Index(['input', 'experiment_ware', 'cpu_time', 'problem', 'status',
       'flatBoolConstraints', 'arch', 'flatBoolVars', 'num_solutions',
       'store_mem', 'eps_solved_subproblems', 'eliminatedImplications',
       'timeout_ms', 'flatIntVars', 'variables', 'flatIntConstraints', 'paths',
       'or_nodes', 'solveTime', 'propagator_mem', 'run', 'propagations',
       'peakDepth', 'objectiveBound', 'free_search', 'propagators',
       'objective', 'stack_size', 'problem_path', 'boolVariables', 'failures',
       'solver', 'nodes', 'method', 'memory_configuration',
       'fixpoint_iterations', 'restarts', 'and_nodes', 'initTime',
       'num_blocks_done', 'nSolutions', 'eps_skipped_subproblems',
       'eps_num_subproblems', 'flatTime', 'version', 'shared_mem',
       'evaluatedHalfReifiedConstraints', 'evaluatedReifiedConstraints',
       'solutions', 'model', 'data_file', 'timeout', 'success', 'user_success',
       'missing', 'consistent_xp', 'consistent_input', 'error'],
      dtyp

An important thing to do now is to visualize the collected data, to make sure that everything was properly read.
This can be achieved by looking at the data-frame that has been built inside the `BasicAnalysis` object.

In [4]:
analysis.data_frame[(analysis.data_frame['experiment_ware']=='TurboGPU') & (analysis.data_frame['status']=='SATISFIED')][['problem','success','consistent_xp','consistent_input','error','user_success','missing']]

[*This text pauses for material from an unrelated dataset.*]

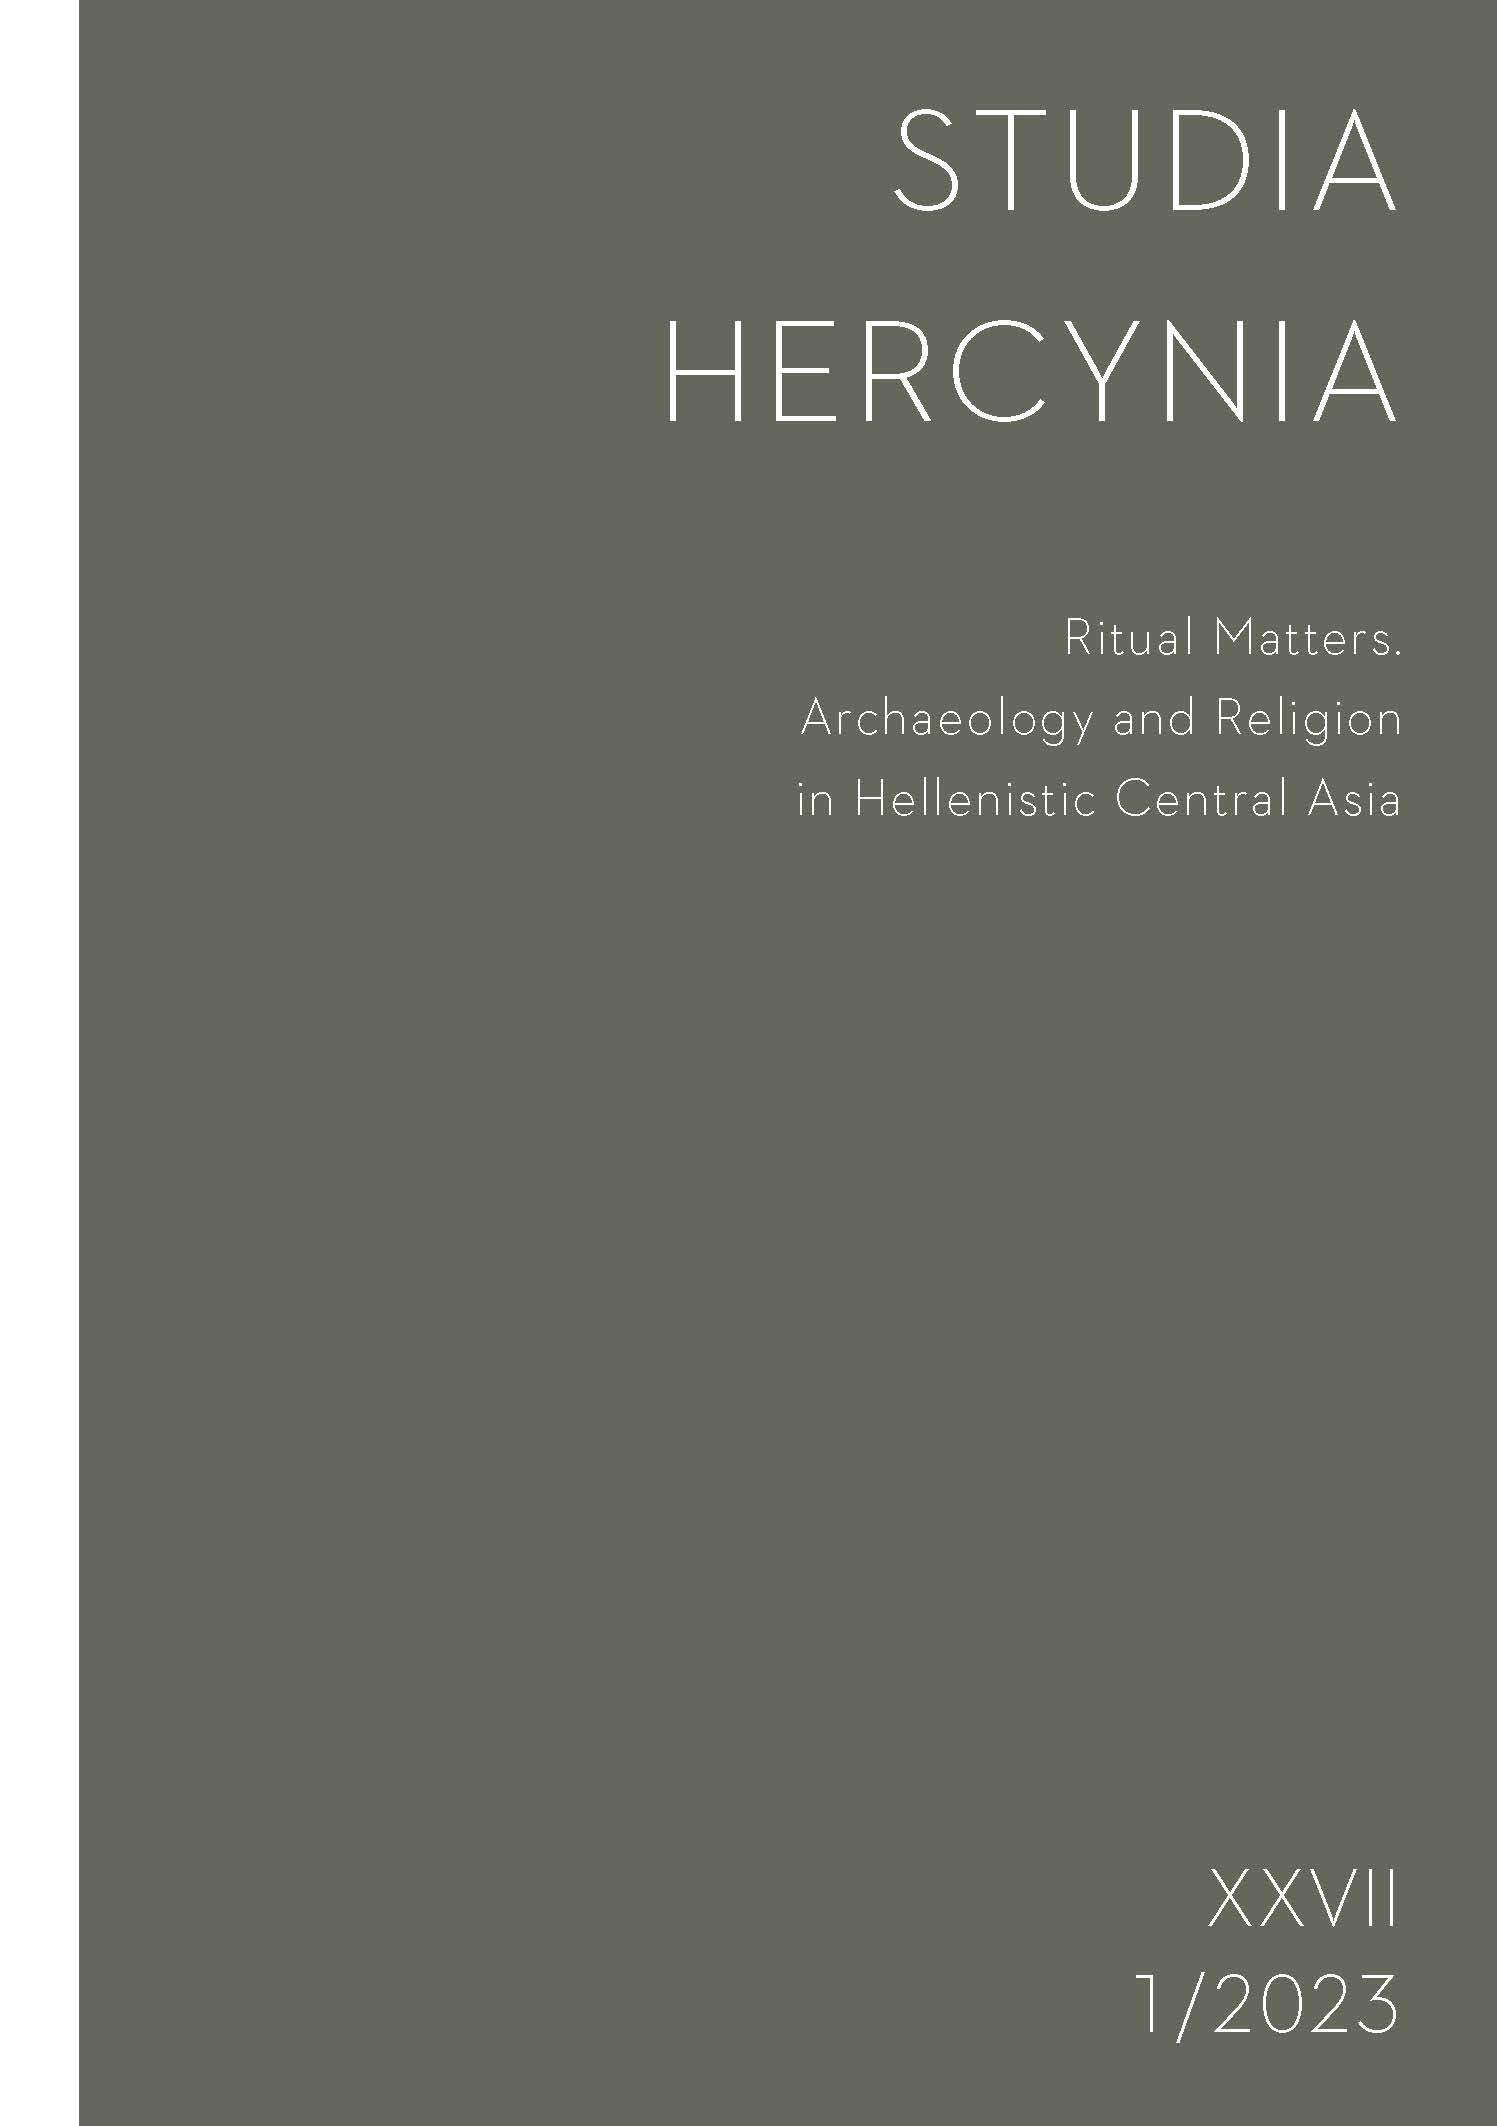 Studia Hercynia 27/1, 2023 – Ritual Matters. Archaeology and Religion in Hellenistic Central Asia

Unnamed: 0,problem,success,consistent_xp,consistent_input,error,user_success,missing
175,diameterc-mst,True,True,True,False,True,False
290,generalized-peacable-queens,True,True,True,False,True,False
61,accap,True,True,True,False,True,False
336,generalized-peacable-queens,True,True,True,False,True,False
9,roster-sickness,True,True,True,False,True,False
319,nfc,True,True,True,False,True,False
343,accap,True,True,True,False,True,False
211,triangular,True,True,True,False,True,False
222,generalized-peacable-queens,True,True,True,False,True,False
30,team-assignment,True,True,True,False,True,False


## Checking the success and consistency of the results

During our analysis, we will need to know whether a given experiment was successful. As an example, we provide below the code to check the success of an optimization solver.


In [5]:
def is_success(xp):
    """
    This function checks that a solver either proved the optimality of its best
    bound within the time limit, or proved the input to be unsatisfiable.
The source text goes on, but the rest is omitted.